Home Company Scientific Games Announces Pricing of $3.15 Billion of New Senior Notes Related...

Scientific Games Announces Pricing of $3.15 Billion of New Senior Notes Related to its Acquisition of Bally Technologies

Scientific Games Corporation (NASDAQ: SGMS) (“Scientific Games” or the “Company”) announced today that its indirect wholly owned subsidiary, SGMS Escrow Corp. (“SGE”), priced $3.15 billion in aggregate principal amount of new senior notes in its previously announced private offering in conjunction with the Company’s pending acquisition (the “Bally Acquisition”) of Bally Technologies, Inc. (NYSE: BYI) (“Bally”). The new senior notes will consist of:

$950 million in aggregate principal amount of 7.0% senior secured notes due January 1, 2022, (the “Secured Notes”); and
$2,200 million in aggregate principal amount of 10.0% senior unsecured notes due December 1, 2022 (the “Unsecured Notes,” and together with the Secured Notes, the “Notes”).

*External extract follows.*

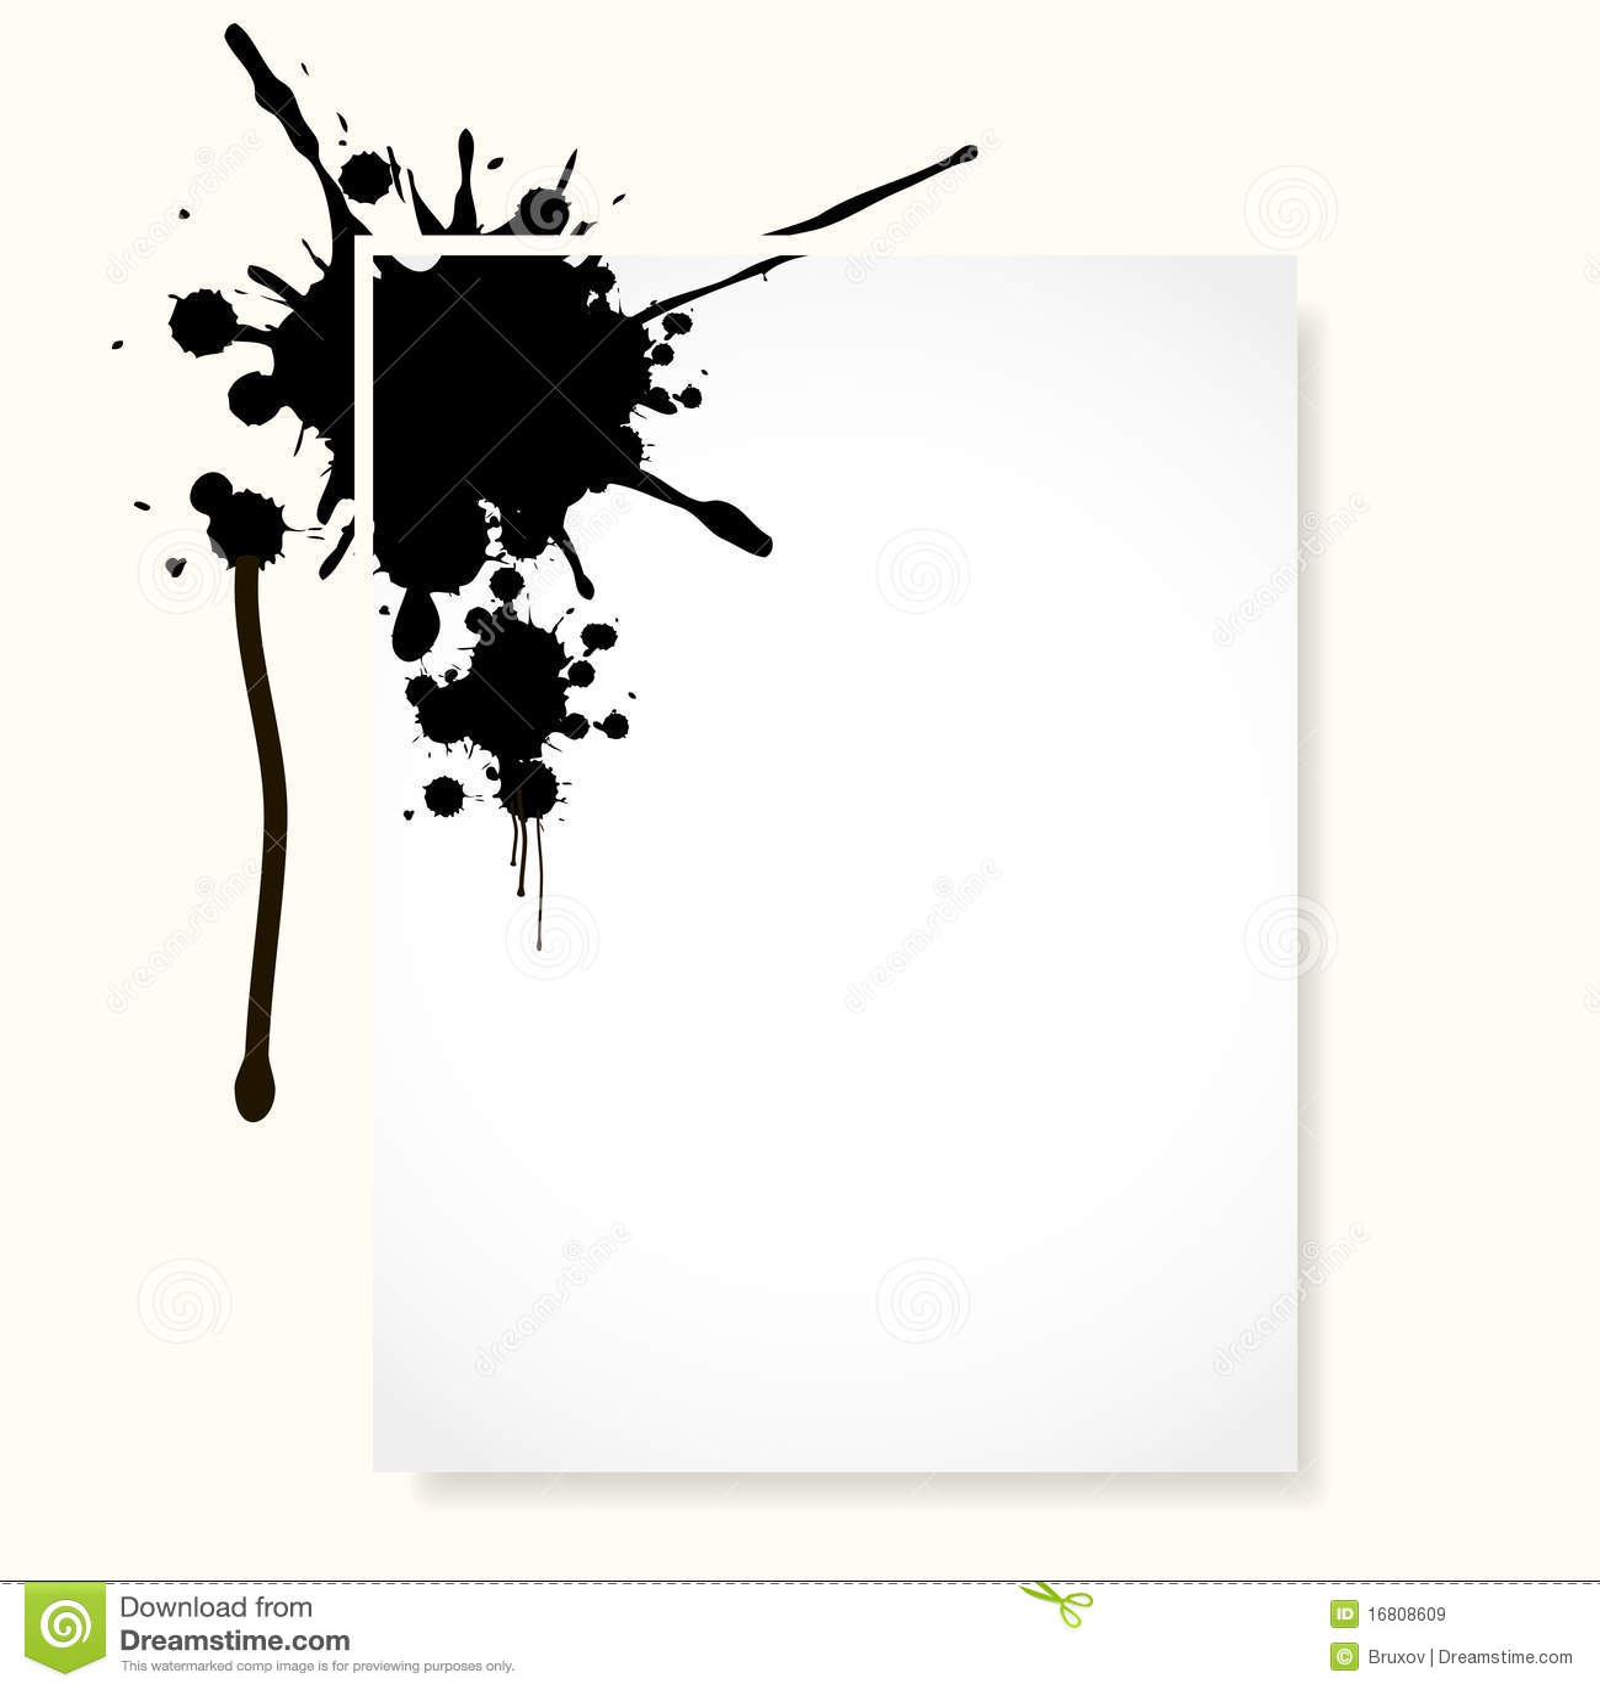 Sheet with inkblot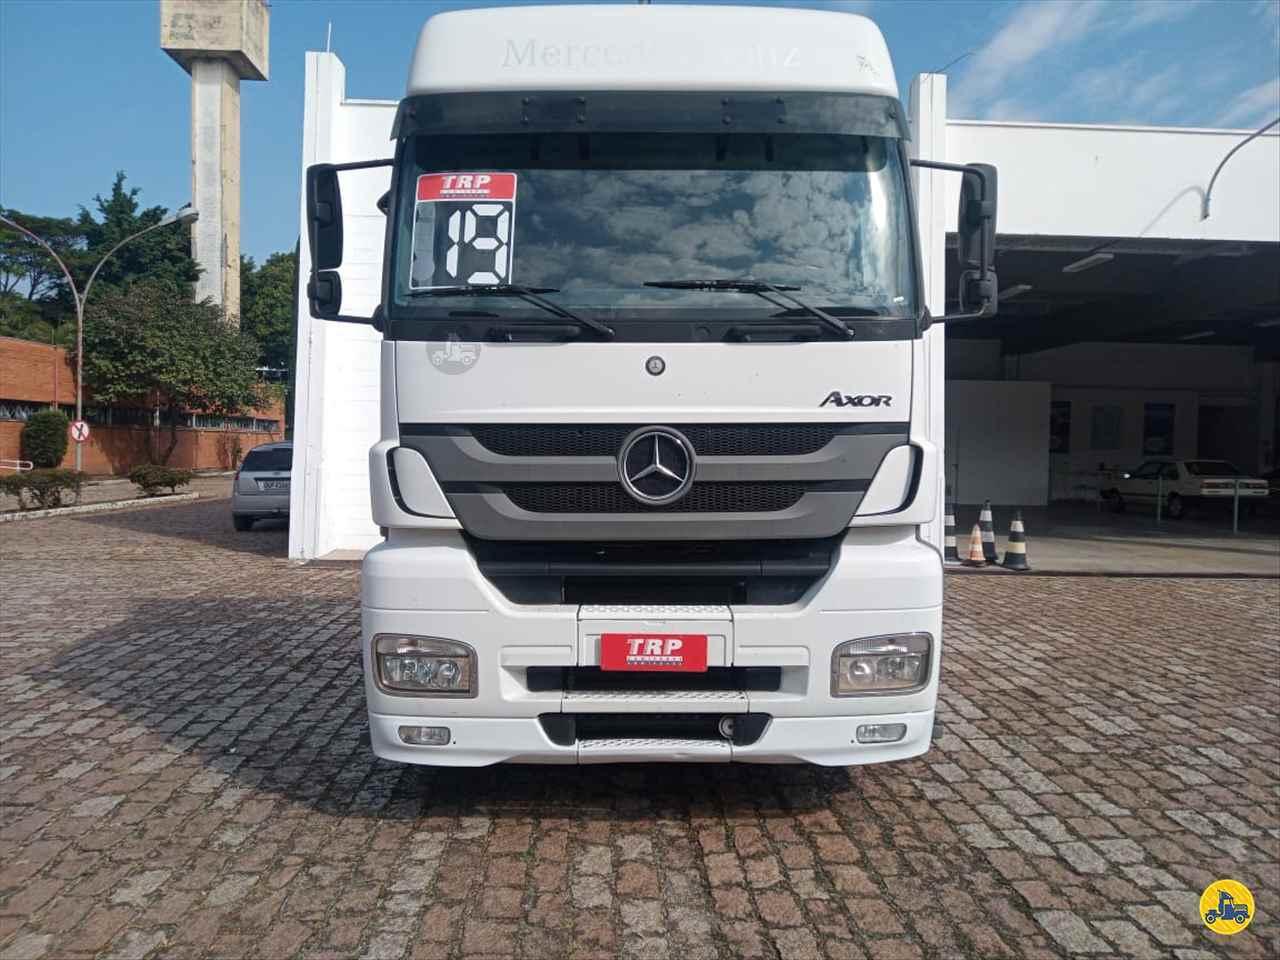 CAMINHAO MERCEDES-BENZ MB 2544 Cavalo Mecânico Truck 6x2 TRP Seminovos ITAJAI SANTA CATARINA SC

The Company will receive approximately $933 million in net proceeds from the issuance of the Secured Notes and $2,156 million in net proceeds from the issuance of the Unsecured Notes.

Scientific Games intends to use the net proceeds of the Notes offering, together with its and Bally’s cash, $2,000 million of incremental term loans under the previously disclosed escrow credit agreement and $200 million of borrowings under Scientific Games’ revolving credit facility, to finance the Bally Acquisition, including the refinancing of approximately $1.9 billion of Bally debt and the payment of fees and expenses related to the Bally Acquisition and the financing transactions. Upon the closing of the Notes offering, all of the financing required in connection with the Bally Acquisition will have been completed.

The Notes offering is currently expected to close on November 21, 2014. Promptly following the closing of the Bally Acquisition, SGE will merge with and into Scientific Games International, Inc. (“SGI”), with SGI as the surviving entity and assuming all of SGE’s obligations under the Notes and the incremental term loans (which will become incremental term loans under SGI’s amended credit agreement, as previously disclosed), and the Notes and the incremental term loans will be guaranteed by Scientific Games and certain of its subsidiaries.

Completion of the Bally Acquisition is subject to approval by Bally’s stockholders, receipt of certain gaming regulatory approvals and other customary closing conditions.

The Notes and the related guarantees will not be registered under the Securities Act of 1933 (the “Securities Act”) or any state securities laws and, unless so registered, may not be offered or sold in the United States except pursuant to an applicable exemption from the registration requirements of the Securities Act and applicable state securities laws. The Notes and the related guarantees will be offered only to qualified institutional buyers in accordance with Rule 144A and to non-U.S. Persons under Regulation S under the Securities Act.

This press release does not and will not constitute an offer to sell or the solicitation of an offer to buy the Notes, nor will there be any sale of the Notes in any state in which such offer, solicitation or sale would be unlawful prior to registration or qualification under the securities laws of any such state. This press release is being issued pursuant to and in accordance with Rule 135c under the Securities Act.